Real-Time Document Rankings with Kafka Streams
by Hunter Kelly, Senior Software/Data Engineer, Zalando
video, slide
The HITS algorithm creates a score for documents; one is “hubbiness”, the other is “authority”. Usually this is done as a batch operation, working on all the data at once. However, with careful consideration, this can be implemented in a streaming architecture using KStreams and KTables, allowing efficient real time sampling of rankings at a frequency appropriate to the specific use case.
下面的内容来自机器翻译:
HITS算法为文档创建分数;一个是“喧嚣”,一个是“权威”。通常这是作为批处理操作完成的,一次处理所有的数据。然而,经过慎重的考虑,这可以在使用KStreams和KTables的流式架构中实现,从而以适合特定用例的频率对排名进行高效的实时采样。

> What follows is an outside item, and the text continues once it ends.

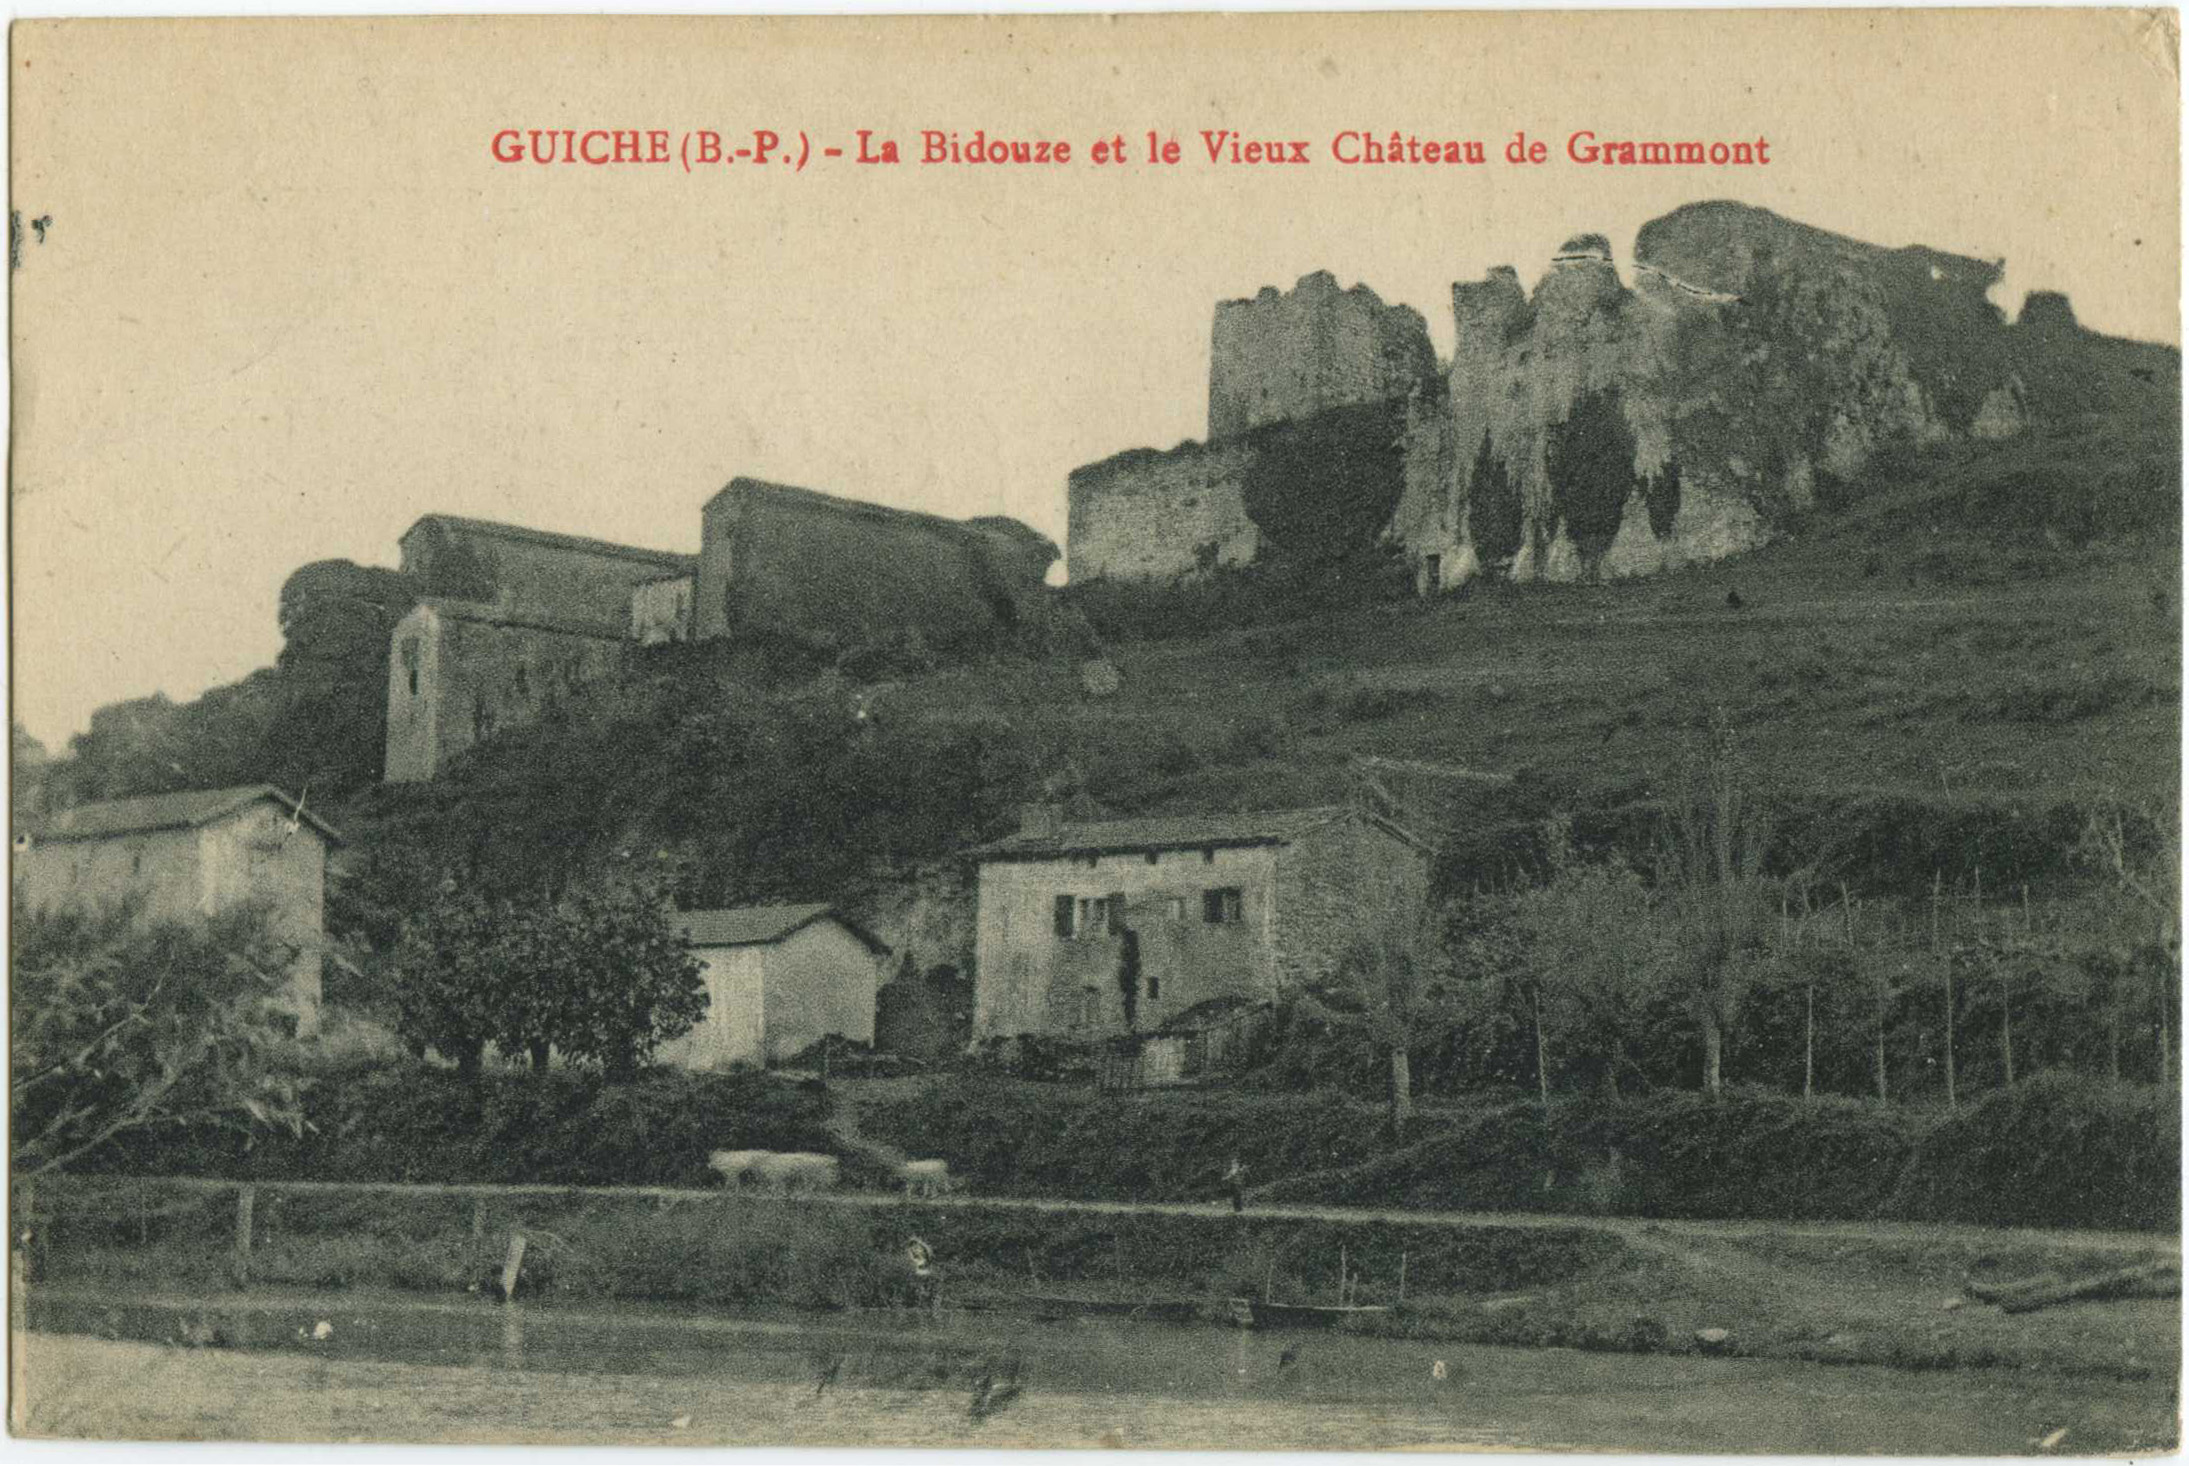 Guiche - La Bidouze et le Vieux Château de Grammont

Streaming Processing in Python – 10 ways to avoid summoning Cuthulu
by Holden Karau, Principal Software Engineer, IBM
video, slide
<3 Python & want to process data from Kafka? This talk will look how to make this awesome. In many systems the traditional approach involves first reading the data into the JVM and then passing the data to Python, which can be a little slow, and on a bad day results in almost impossible to debug. This talk will look at how to be more awesome in Spark & how to do this in Kafka Streams.
下面的内容来自机器翻译:
<3 Python&想要处理来自Kafka的数据?这个演讲将看看如何使这个真棒。在许多系统中,传统的方法是首先将数据读入JVM,然后将数据传递给Python,这可能会稍微慢一点,而在糟糕的一天中,几乎不可能调试。这个演讲将讨论如何在Spark中更加棒,以及如何在Kafka Streams中做到这一点。